Una partida de ajedrez
Hay partidos de fútbol indescifrables, como alguna de las partidas de ajedrez que jugaron Spassky y Fischer en su memorable duelo de 1972, y que se convirtió en una batalla más de la guerra fría. Aquel fue un enfrentamiento que casi se convierte en un conflicto diplomático; áspero, muy táctico, desagradable a veces, en el que se confrontaban la rapidez y la agilidad mental del estadounidense contra el academicismo ortodoxo del soviético, esa máquina de picar carne sobre un tablero. Dos genios frente a frente. En Barcelona, Ernesto Valverde jugó con negras. Se sabía en inferioridad frente a un rival más ágil, más fuerte, y tuvo que mover las piezas a la defensiva y esperar que el reloj del Espanyol agotara su tiempo. El Athletic empieza a sufrir el desgaste de combinar la Liga con la competición europea en forma de bajas. El equipo que saltó al campo en Cornellá-El Prat era apenas reconocible. Por supuesto, todos los que jugaban formaban parte de la plantilla del primer equipo rojiblanco, pero como sucede en el ajedrez, donde las combinaciones se cuentan por billones, la alineación que tuvo que montar el técnico del Athletic no se parecía en nada a cualquier otra que había ensayado en todos los partidos del campeonato.
El teorema del mono infinito dice que un simio, pulsando teclas al azar de una máquina de escribir durante un tiempo infinito, acabaría escribiendo el Quijote (en la versión anglosajona se habla de Hamlet). Valverde pulsó todas las teclas posibles para componer un equipo y le salió un empate, que después de 90 minutos de juego es lo único que se podía esperar de un partido indescifrable desde el principio como las partidas Spassky-Fischer. Fue un ejercicio árido desde el pitido inicial, como pudo comprobar Balenziaga enseguida, cuando su cabeza chocó contra la de Víctor Sánchez y le quedó un recuerdo de cuatro puntos de sutura en la ceja. Etxeita también salió malparado minutos después, con una contusión en la rodilla que le impidió seguir en el campo. Si la alineación inicial ya estaba llena de parches, el movimiento de piezas después resultó obligado.
No es que el Espanyol pusiera en demasiados apuros a Kepa Arrizabalaga, ni mucho menos, porque aparte de un par de arranques de coraje de los locales, el Athletic controló bastante bien la situación, pero ya se veía desde muy pronto que marcar un gol iba a ser una tarea de titanes. Hasta Valverde se dio cuenta en la segunda mitad, cuando retiró del campo a Aduriz, que había puesto un par de toques de calidad tras el descanso, pero que estaba muy solo arriba, sin suministros de ningún tipo, porque Sabin Merino parecía de vacaciones y Williams andaba más atareado en tareas de contención, probablemente porque así se lo había pedido el entrenador. Eraso, mientras, se enredaba entre tanto esfuerzo por estar en todas partes.

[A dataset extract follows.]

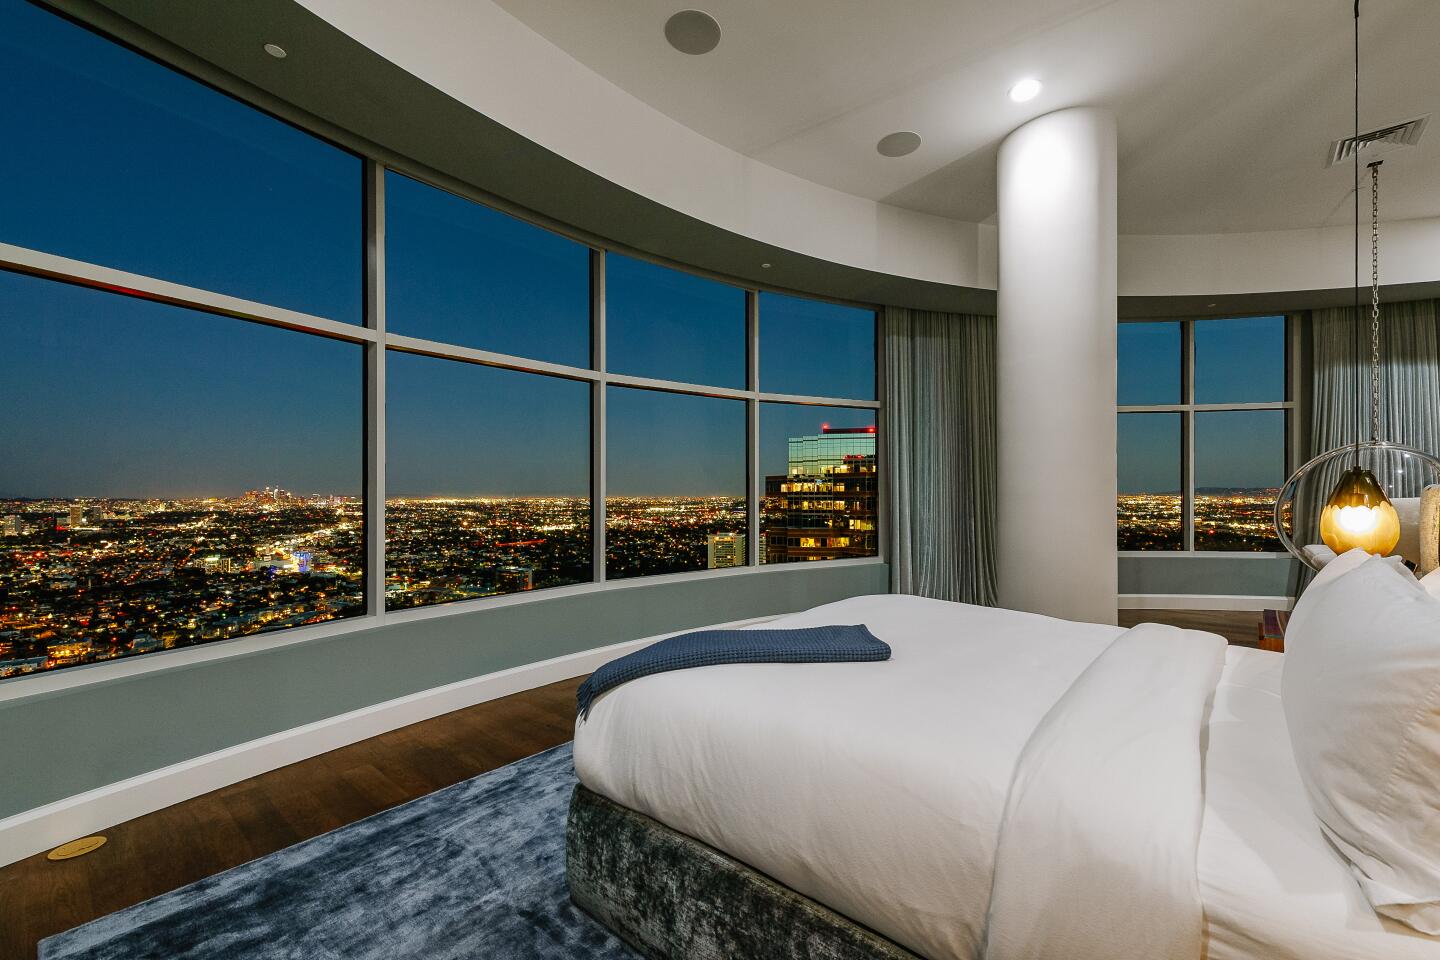 A bed is surrounded by large windows.

Valverde movía sus piezas para evitar el jaque mate del Espanyol, y parecía conformarse con las tablas. Se encomendó, tras la lesión de Etxeita, a la solvencia defensiva de Bóveda y Yeray, un ejemplo de concentración e intensidad desde que llegó al primer equipo. Kepa, el portero, no tuvo demasiados sustos. El más grande, en el descuento, segundos antes de que el árbitro señalara el final, en un remate de Hernán Pérez, que detuvo con seguridad.
La ocasión del Espanyol se fue al limbo y Valverde firmó las tablas, que era lo único que podía esperar. Hubiera sido complicado ganar el choque, que fue como una partida de ajedrez, sin lanzar ni una sola vez a puerta.